Thursday, December 16, 2021

Surgeons in New York Successfully Transplant Pig Kidneys to Two People


Scientists are inching closer to a major breakthrough in organ donation. This week, researchers at New York University announced that they transplanted a pig kidney to a human for the second time with no short-term issues, following their initial success two months earlier. Clinical trials of this technology are likely still a while away, though.

© Photo: Nicolas Asfouri/AFP (Getty Images)

The procedure was performed in late November by a surgical team at NYU Langone Health. As with the first procedure, the doctors transplanted a kidney from a genetically modified pig into a living human body. The kidney wasn’t attached to its normal position in the body, but to blood vessels in the upper leg. It was then covered with a protective shield as the researchers observed it for 54 hours. During those hours, the kidney seemed to function as normal and no signs of rejection from the person’s body were detected.

The first transplant, performed in September, involved a human recipient considered to be brain-dead who was about to be taken off life-support; the recipient’s family agreed to help with the research. This time, according to the team’s announcement, the recipient was a functionally dead organ donor who was being maintained on a ventilator. The donor was found with the help of LiveOnNY, a nonprofit group that has reportedly enrolled 6.5 million organ donors in the greater New York City area.

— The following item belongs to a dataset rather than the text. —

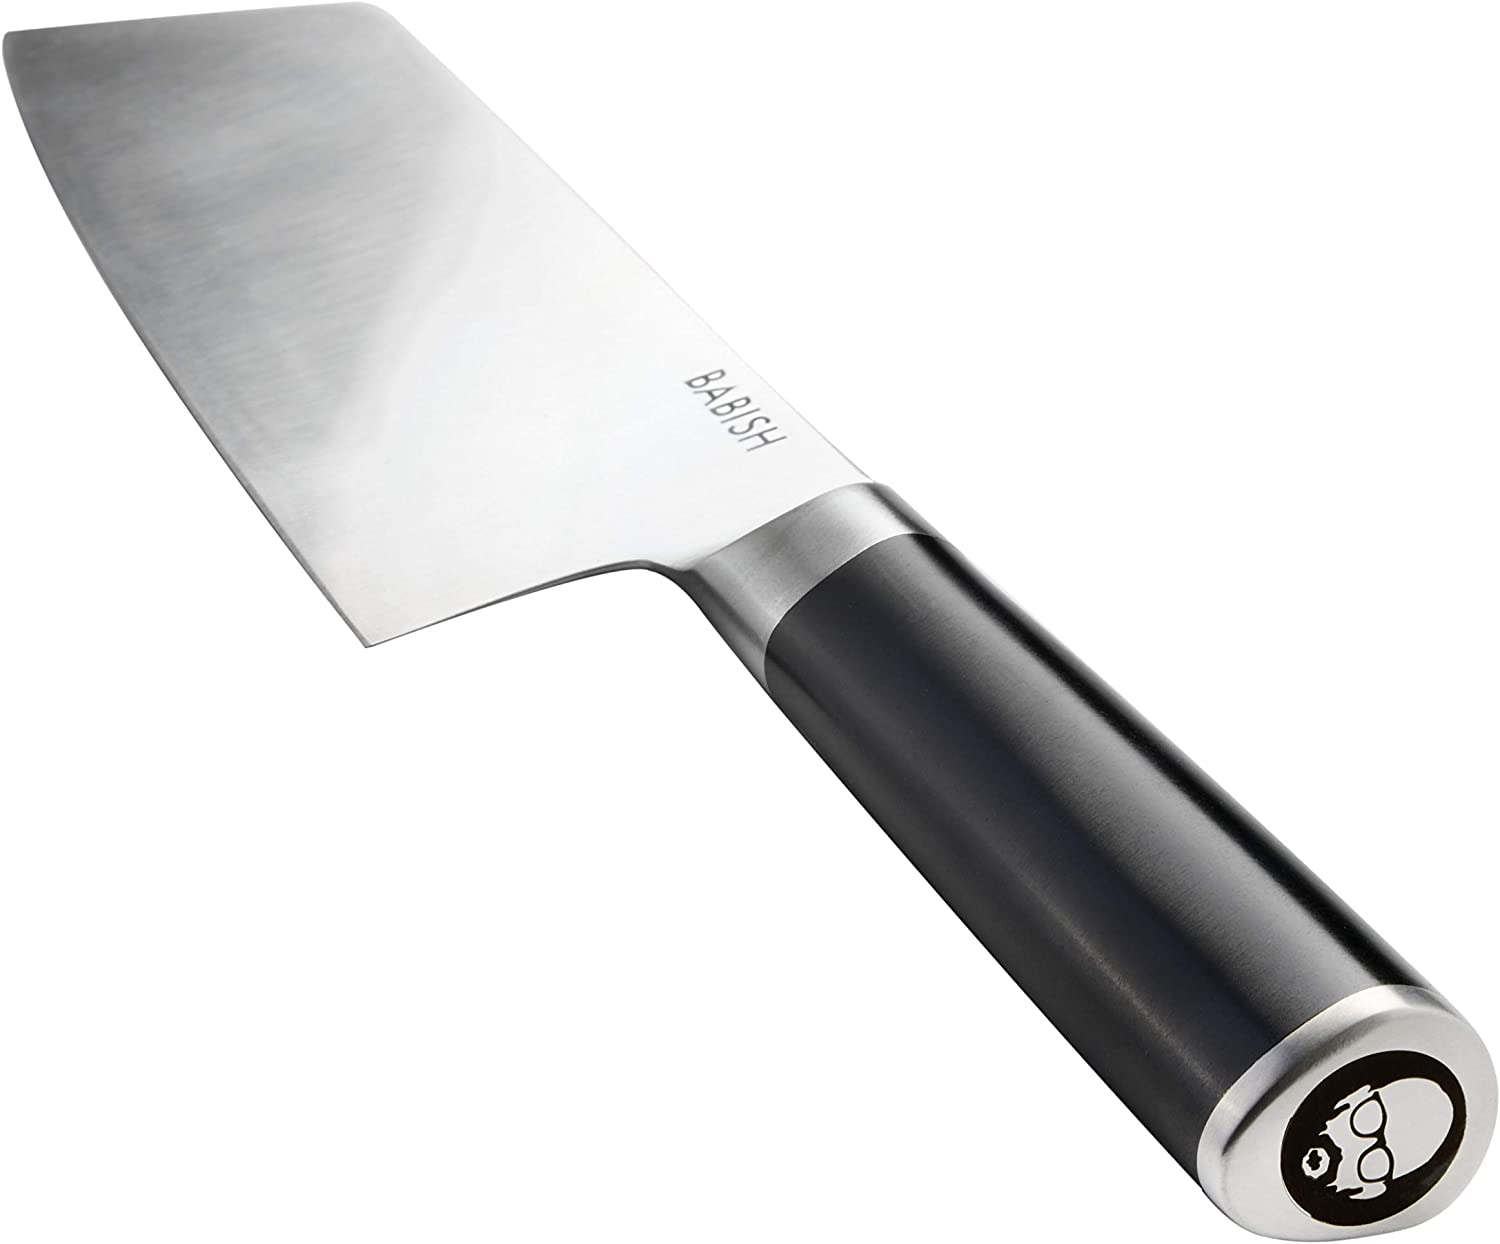 Babish 6.5 German Steel Cutlery Santoku Knife NEW

“We have been able to replicate the results from the first transformative procedure to demonstrate the continued promise that these genetically engineered organs could be a renewable source of organs to the many people around the world awaiting a life-saving gift,” said lead surgeon Robert Montgomery, director of the NYU Langone Transplant Institute, in a statement from the university.


Animal-to-human transplantation, or xenotransplantation, has been a long-sought goal in medicine. One of the many challenges facing these transplants is that the organs of even closely related mammal species can have subtle but important differences that would quickly lead to rejection by the host body. One major limitation of donated pig organs is that pigs (and many other mammals) naturally produce a sugar called alpha-gal, which humans do not. But the pigs used by the NYU team were genetically engineered by Revivicor, a subsidiary of United Therapeutics Corporation, to not produce alpha-gal—in theory making them safe for human use.

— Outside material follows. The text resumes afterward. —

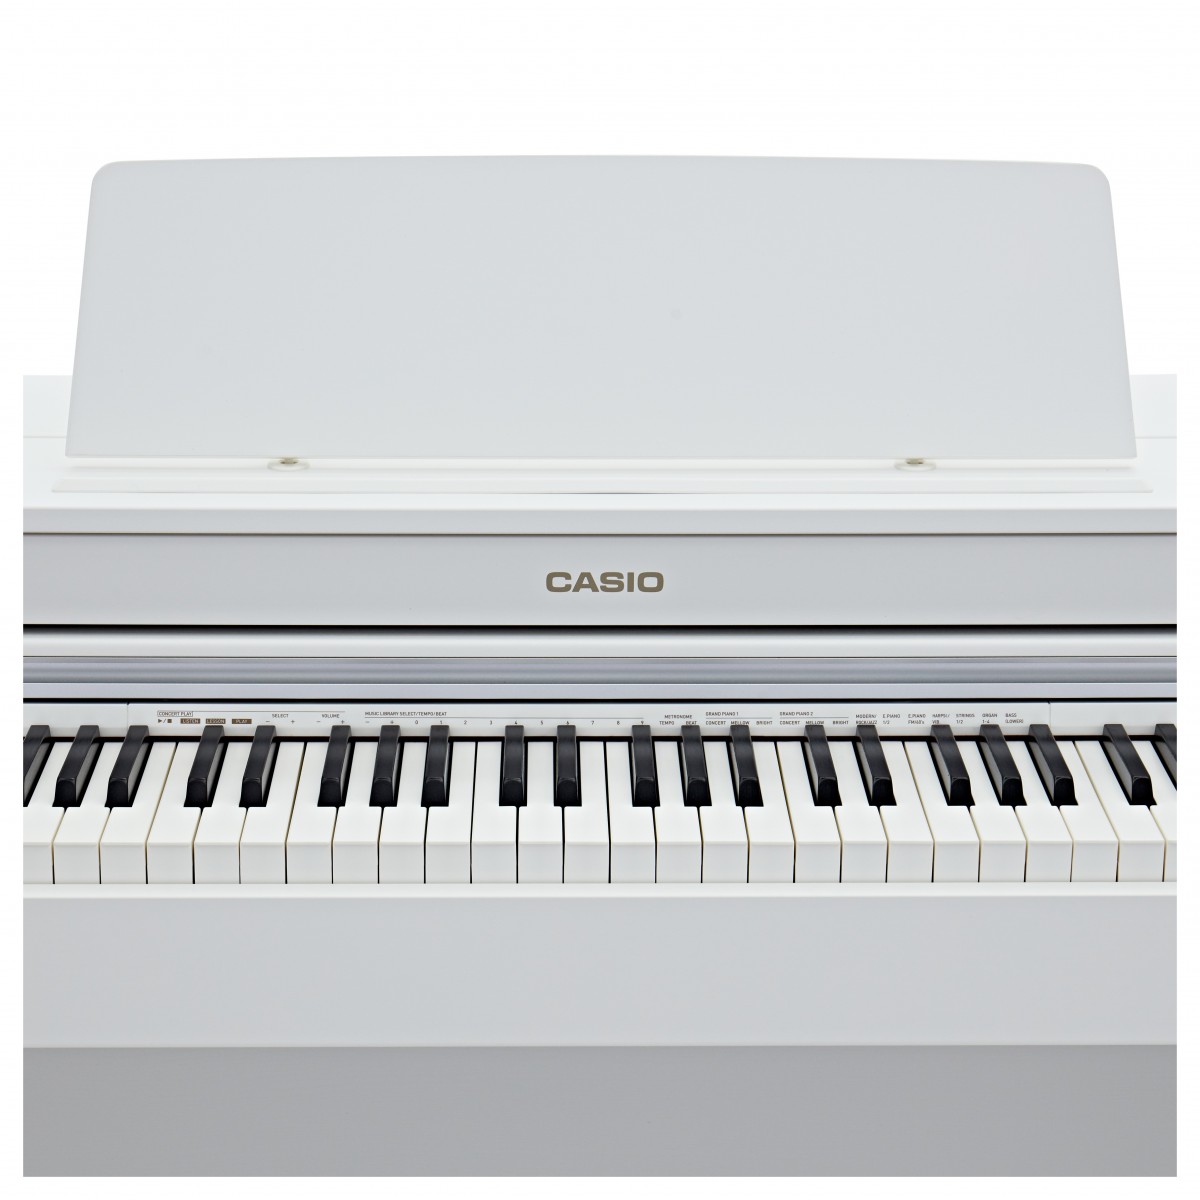 CASIO CELVIANO AP470 WE WHITE PIANOFORTE DIGITALE 88 TASTI COLORE BIANCO 4

Though xenotransplantation is controversial, opinion polls have suggested that most would accept the technology if it became widely available. For now, though, that possibility is still far off. Both surgeries were part of an ongoing research project by NYU to test the feasibility of their approach, and further studies will be needed to justify the leap to trials involving actual patients who would benefit from donation. But should all this work pay off, xenotransplantation could save the lives of many Americans who die annually while languishing on the transplant waiting list.

“With additional study and replication, this could be the path forward to saving many thousands of lives each year,” Montgomery said.